The Shenandoah Valley was one of the most important bits of territory in the Civil War.  It was a fertile larder for the South and a dagger pointed straight at Washington.  Late in the war Jubal Early would take a force all the way up the Shenandoah Valley to the suburbs of Washington.

But we’re still in 1862.  Stonewall Jackson was in the Shenandoah Valley with about 8,000 troops.  Washington freaked out, exactly as the Confederates predicted. They pulled Irvin McDowell’s corps out of the Army of the Potomac. McClellan effectively started the Peninsula Campaign with 40,000 casualties. The already worried commander would be going to Richmond with only 90,000 troops. All to counter 8,000 men under Stonewall Jackson.

The Federals sent two armies into the Shenandoah Valley after Stonewall Jackson, one under Nathaniel Banks and the other under John C. Fremont.  Each army outnumbered Jackson two-to-one.  Yet from the end of March to the beginning of April, Jackson ran the Union ragged.
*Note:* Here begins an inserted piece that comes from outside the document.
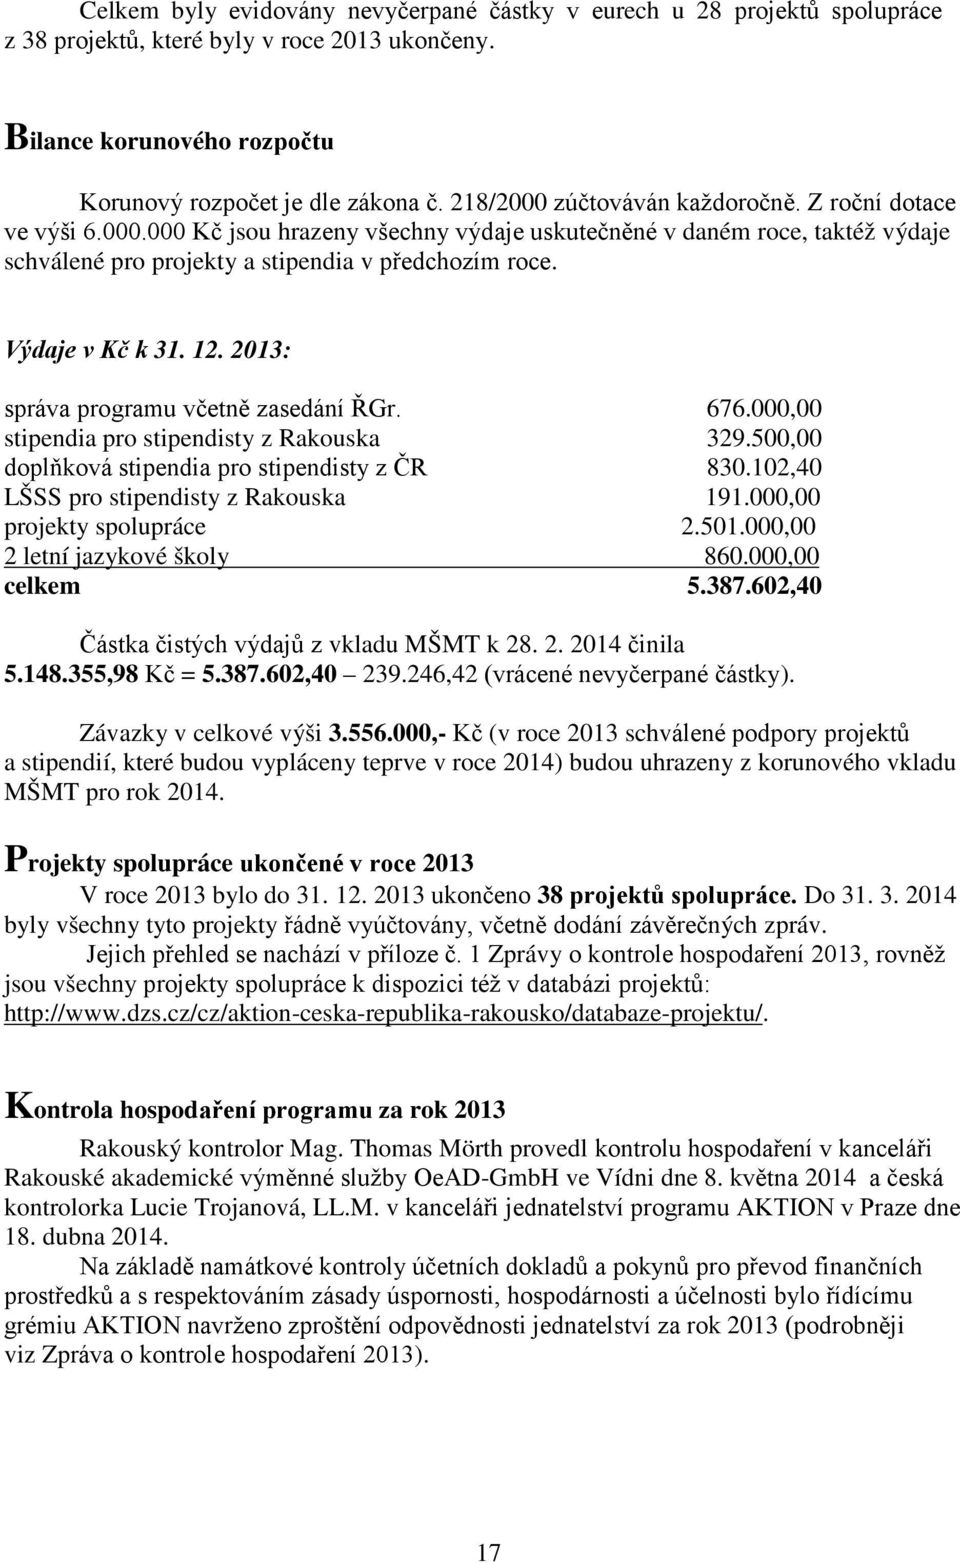 Výdaje v Kč k 31. 12. 2013: správa programu včetně zasedání ŘGr. 676.000,00 stipendia pro stipendisty z Rakouska 329.500,00 doplňková stipendia pro stipendisty z ČR 830.

His army slogged up and down rain-choked roads, staying just barely ahead of the Union forces with every step.

Eventually Lee managed to free up enough troops to roughly double Jackson’s army and the rain stopped.  He won brilliant victories on June 8 and 9 at Cross Keys and Port Republic, then slipped out of the valley.  Jackson’s 17,000 troops tied up about 50,000 Union troops at a critical moment.

Joe Johnston was injured at Fair Oaks facing off against McClellan.  Jefferson Davis put Lee in charge of the Army of Northern Virginia.  This move angered a lot of people, who thought Lee’s battlefield legacy should have ended at Cheat Mountain.  Their nickname for him was “Granny Lee.”

That nickname didn’t last long.  At the tail-end of June and on into July Lee led his army, reinforced to 92,000, against McClellan, who now had 106,000 troops.  Lee couldn’t take everybody with him.  They were too close to Richmond.  It really didn’t matter.  McClellan was timid and about a third of his troops were separated from the main body by the Chickahominy River.  So when Lee struck the Army of the Potomac only had 65,000 troops.

For seven days the two armies fought the prosaically-titled Seven Days’ Battles.  Lee won every engagement, but missed chances to bring McClellan to the point of annihilation at Mechanicsville and Frayser’s Farm when expected attacks by Stonewall Jackson didn’t materialize.  Jackson claimed to be sick at Mechanicsville, an excuse that is difficult to simply dismiss. He force marched his troops for three months, constantly looking for momentary advantages against forces superior in number if not leadership skill. He then made another forced march in order to engage in a desperate fight at the gates of his own capitol. Stonewall Jackson was not one to shy away from the fight.

It would be the last time Jackson would fail.  Unfortunately for Lee the failures at Mechanicsville and Frayser’s Farm meant a golden opportunity passed him by.

The Union managed to avoid disaster.  Even so, the Army of Northern Virginia would prove too much for anyone in the theater to handle. That army and its new commander were on their way to the halls of myth and legend.